My point is that everyone should get checked, men and women, and stay on the recommended schedule which I think is once every 5 years after 40. Cancer is no stranger to our family as we know, so lets just kick its ass 🙂
This will be a long post, but I don’t want to leave out anything. Finally got released from the hospital yesterday afternoon. Not bad really, since that is only 5 days from the surgery. One of the items we were waiting on was the pathology report from the lymph system. It is common with cancer to remove lymph nodes from the surrounding area, as if the cancer spreads into that, it changes the nature and seriousness of the disease. On Sunday, the report came back, and the surgeon was happy to tell me that out of 10 lymph nodes sent in from the surrounding tissue, they all came back negative. Basically, they got all of it during the surgery, and there is no evidence at this time that any cancer remains in my body. Basically, from my understanding of it all, I am cancer free at this time. On Saturday, I had gotten moved from only ice chips to popsicles for a diet, and believe me..having nothing but ice chips for days makes popsicles seem like a feast, Finally something with flavor LOL. On Sunday also, besides the best news ever, I was moved to a full liquid diet, so I was actually able to have broth, jello and juice. Doesn’t seem like a big deal….but when you haven’t eaten anything with flavor for days, well, it makes all the difference. On Monday, right at lunch time the surgeon came in to talk to to me. I was just eating actually, and he asked if I was hungry, then laughed a bit. He ordered me a second tray of food, advancing the diet to puddings and more solid, yet soft, foods. At that time he also told me he was going to get me released since everything was going so good.

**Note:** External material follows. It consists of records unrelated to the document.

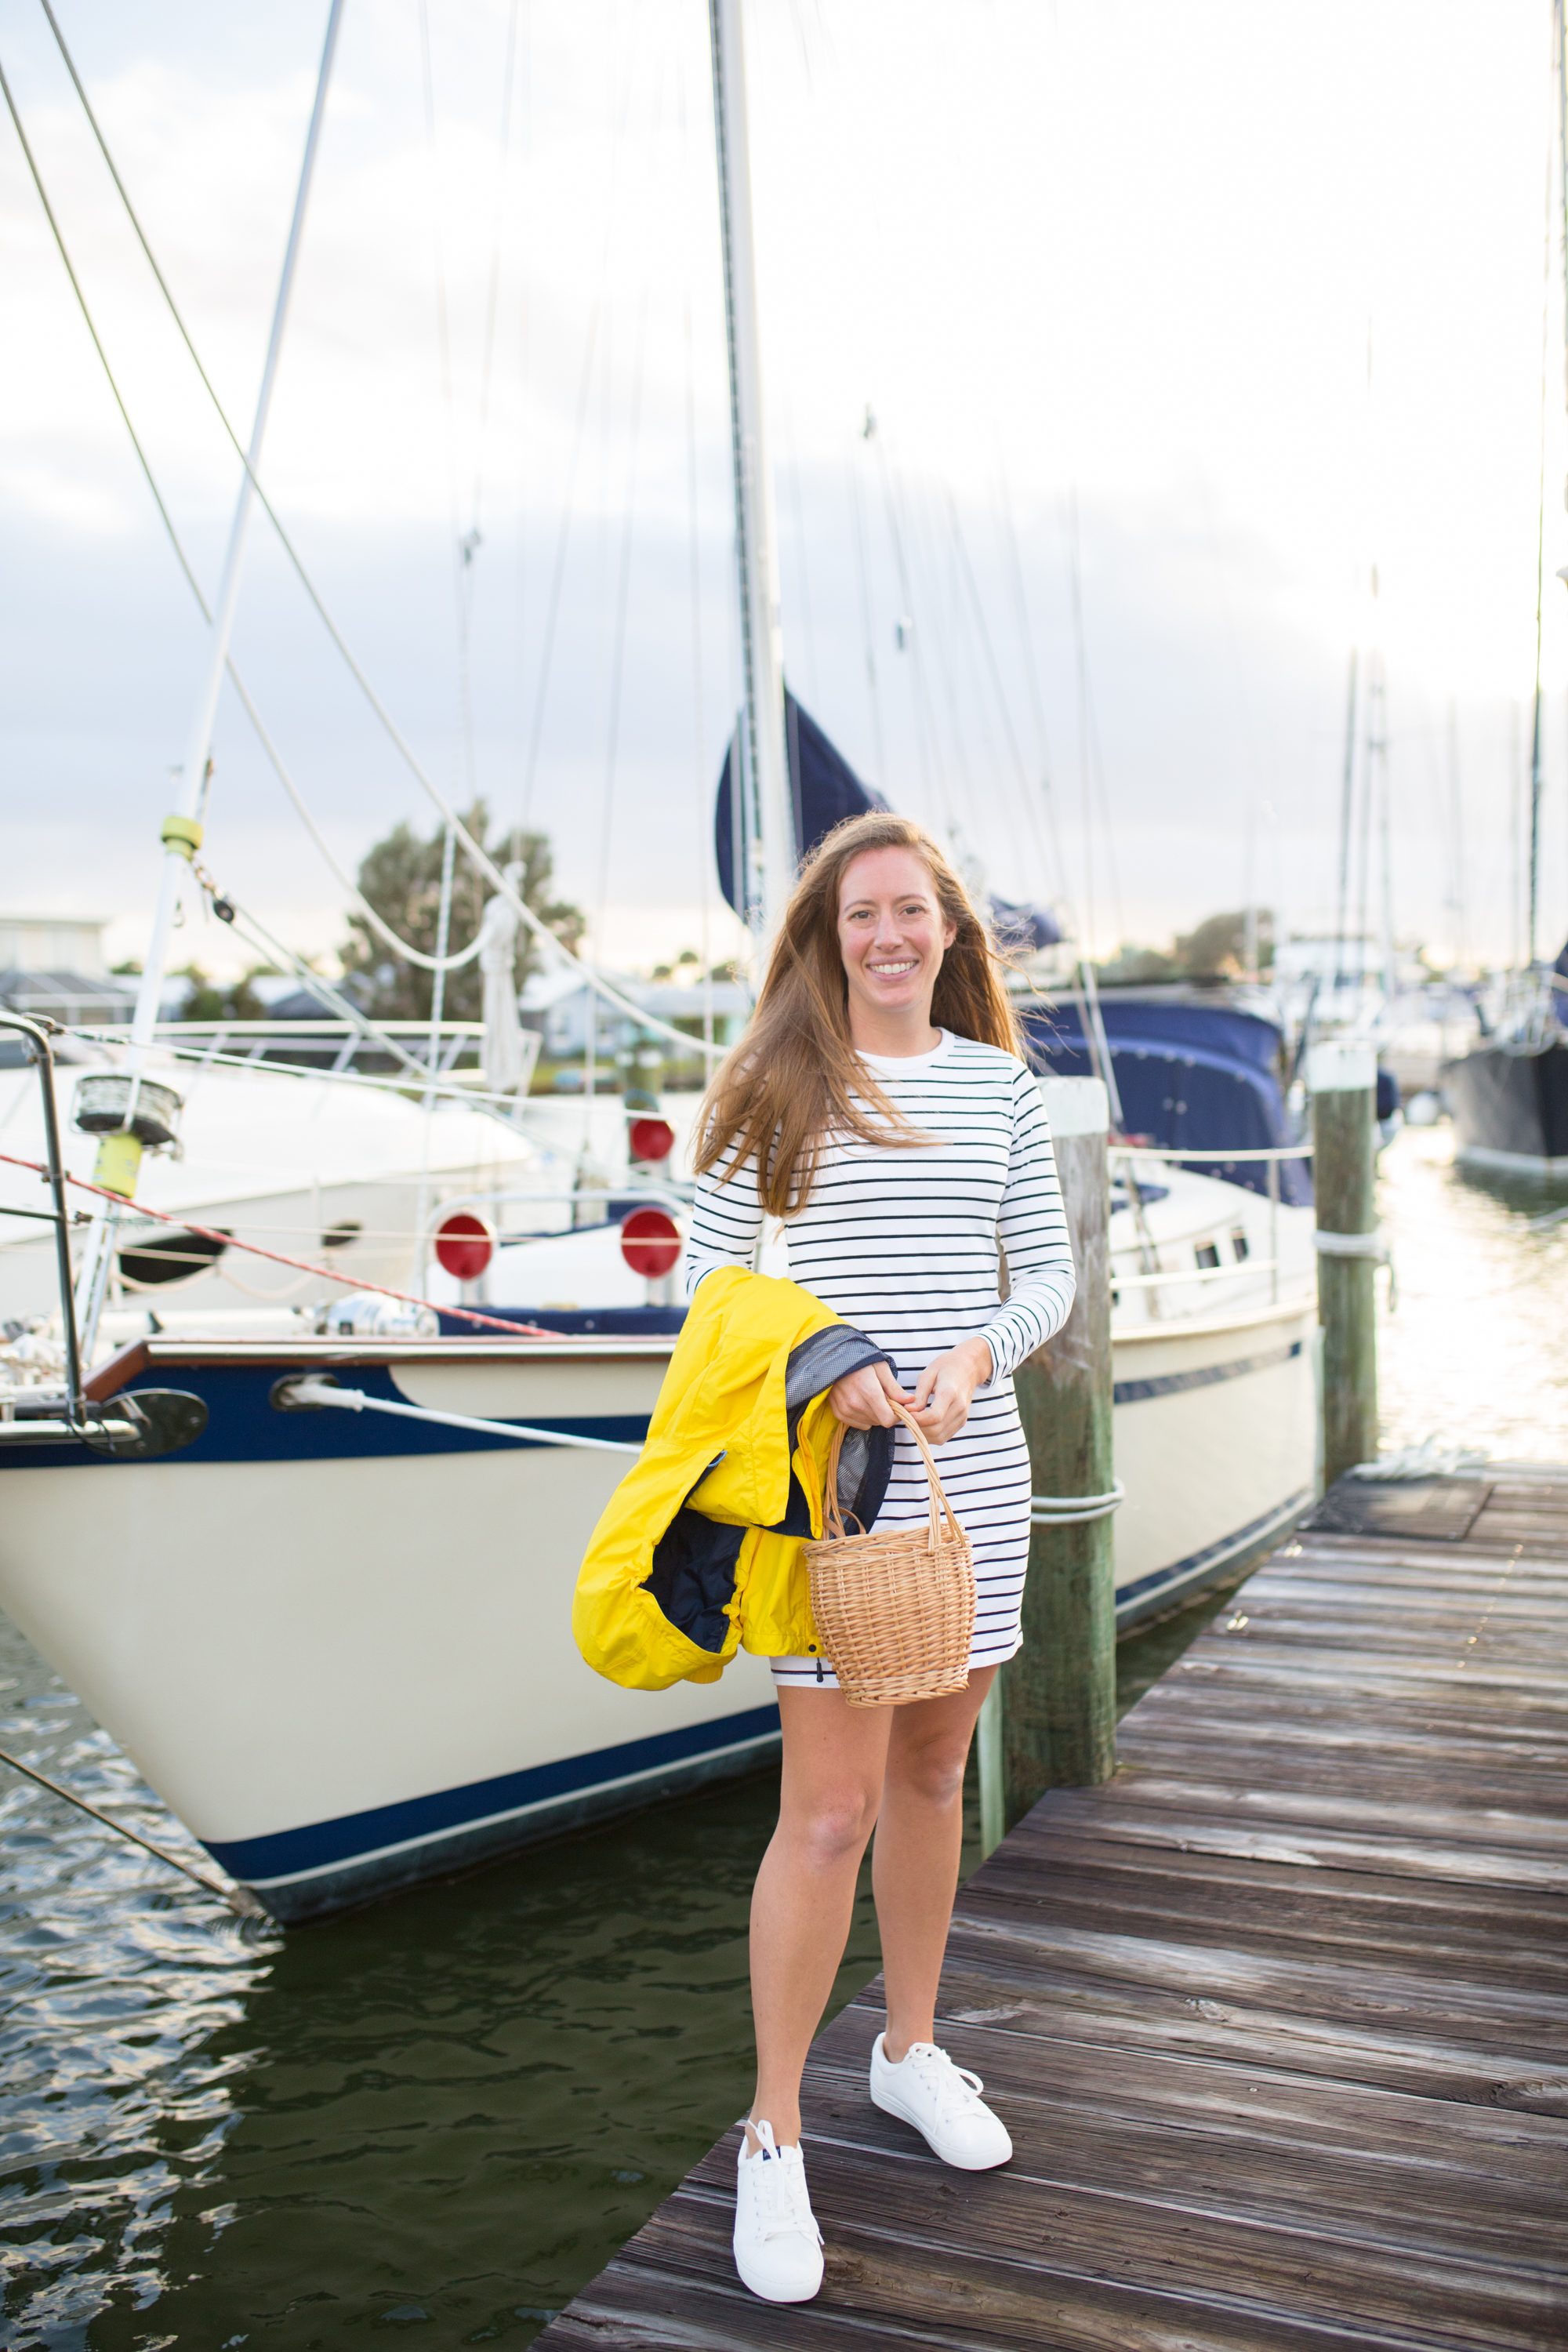 How to Style a Long Sleeve Striped Dress / Striped Dress Outfit / Blue Stripes / Yellow Raincoat / White Sneakers / Preppy Outfit / Coastal Outfit / Preppy Style Outfit / Cute Preppy Outfits / Nautical Outfit Women - Sunshine Style, A Florida Fashion and Lifestyle Blog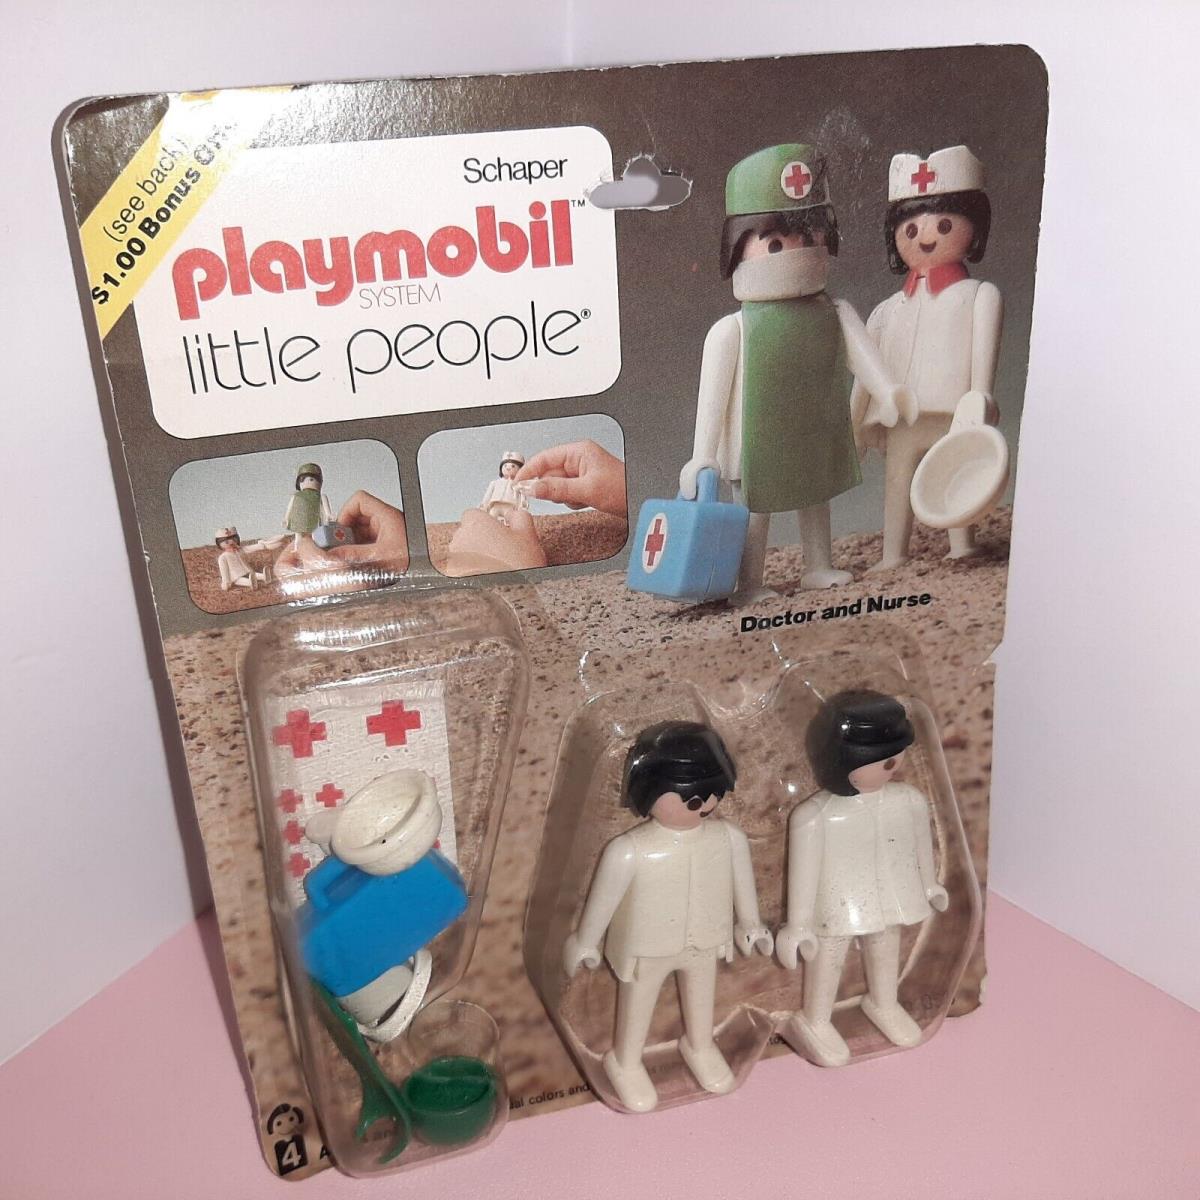 Playmobil Little People Rare Vintage Doctor and Nurse 1977 By Schaper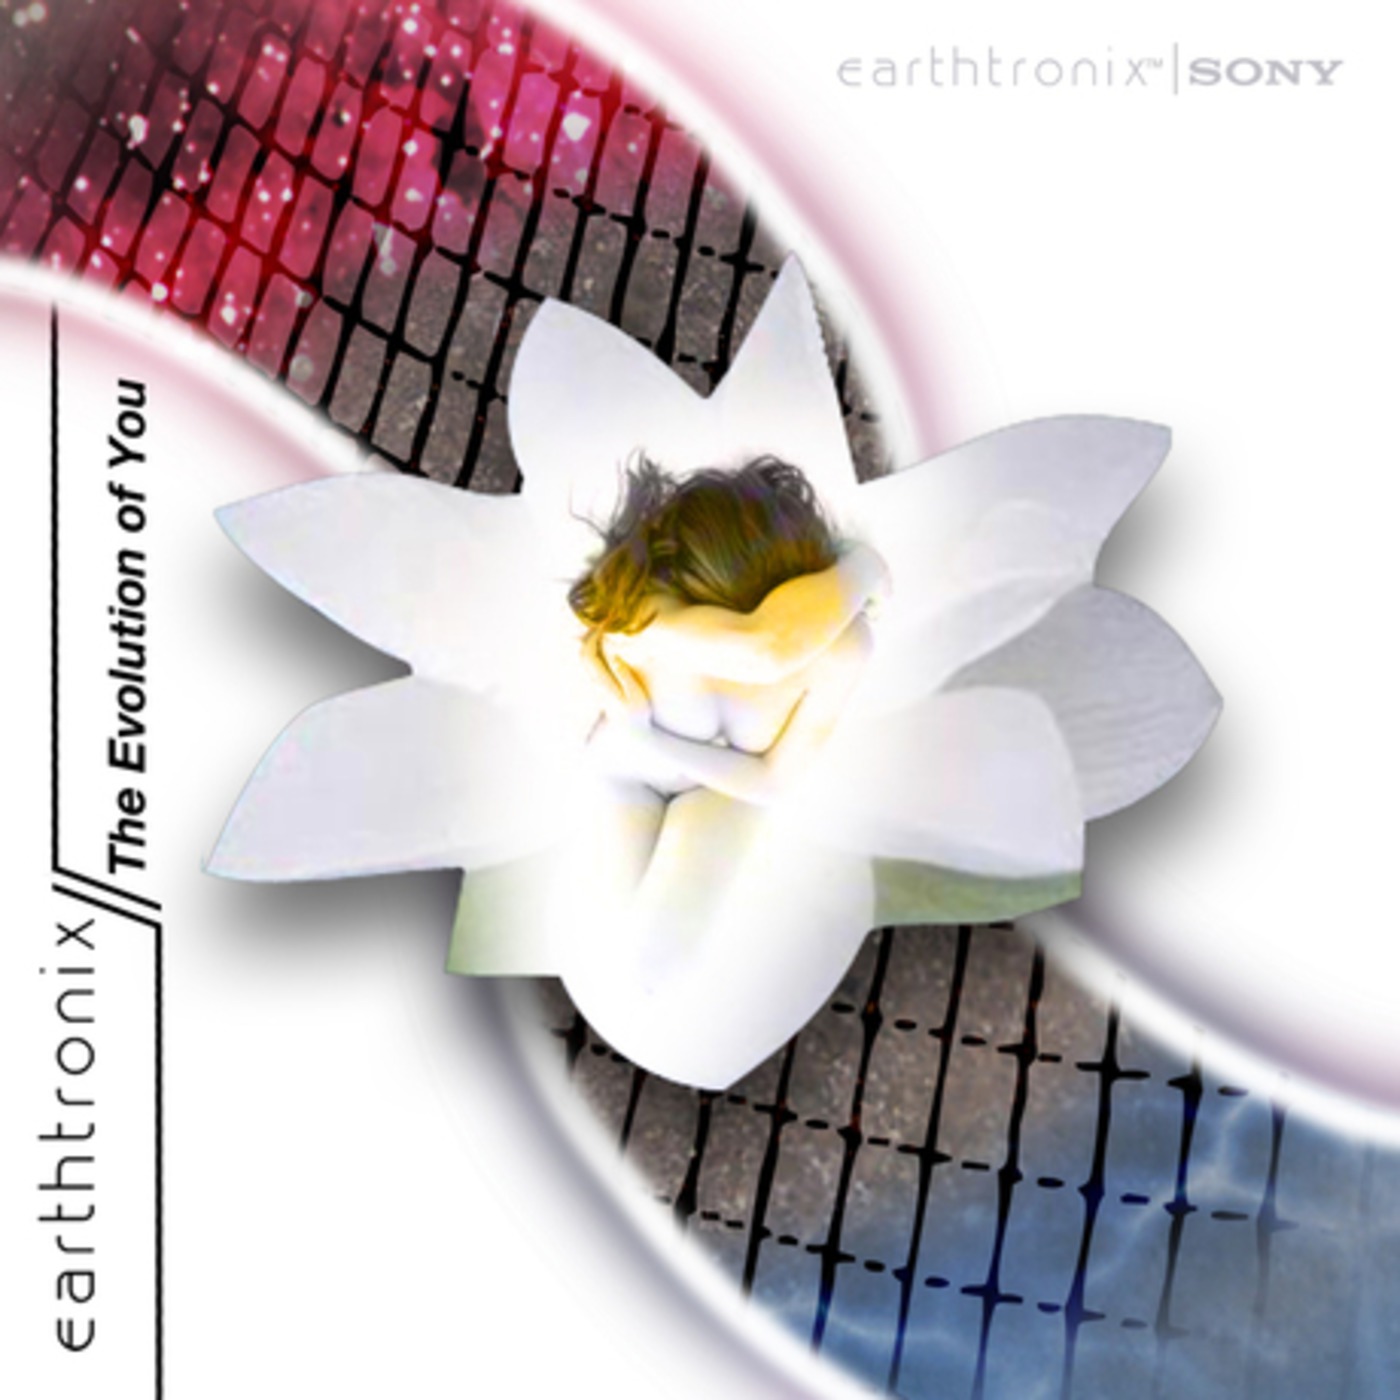 Earthtronix - The Evolution of You (Redux)

All in all right now things are good. Yesterday was a really long day, and I ma just glad to be home. I have to go in next week for a follow up, date and time to be sorted out this morning sometime. He will remove the staples then, and we will see what the next stage brings. Right now I am relaxed and pain free, although I do have oxycodone in case I need it.
I just can’t say how good it feels after all this, to be considered cancer free. This current battle is almost done, and there is no doubt I am winning this one.
Have an awesome Tuesday to anyone who reads this 🙂
This is day 2 after the surgery. 48 hours ago I was just getting ready to go in. Things have been progressing along, with yesterday alone huge strides made. They pulled my catheter yesterday, so I can now pee like a normal person. I have started to pass gas, which is the first sign the bowels are beginning to work again. According to the surgeon, I need to be up and walking 3-4 times a day, so I am doing that. Not far walks mind you, but something. He says people that walk heal faster after this type of surgery, and I am game for anything that speeds up the healing.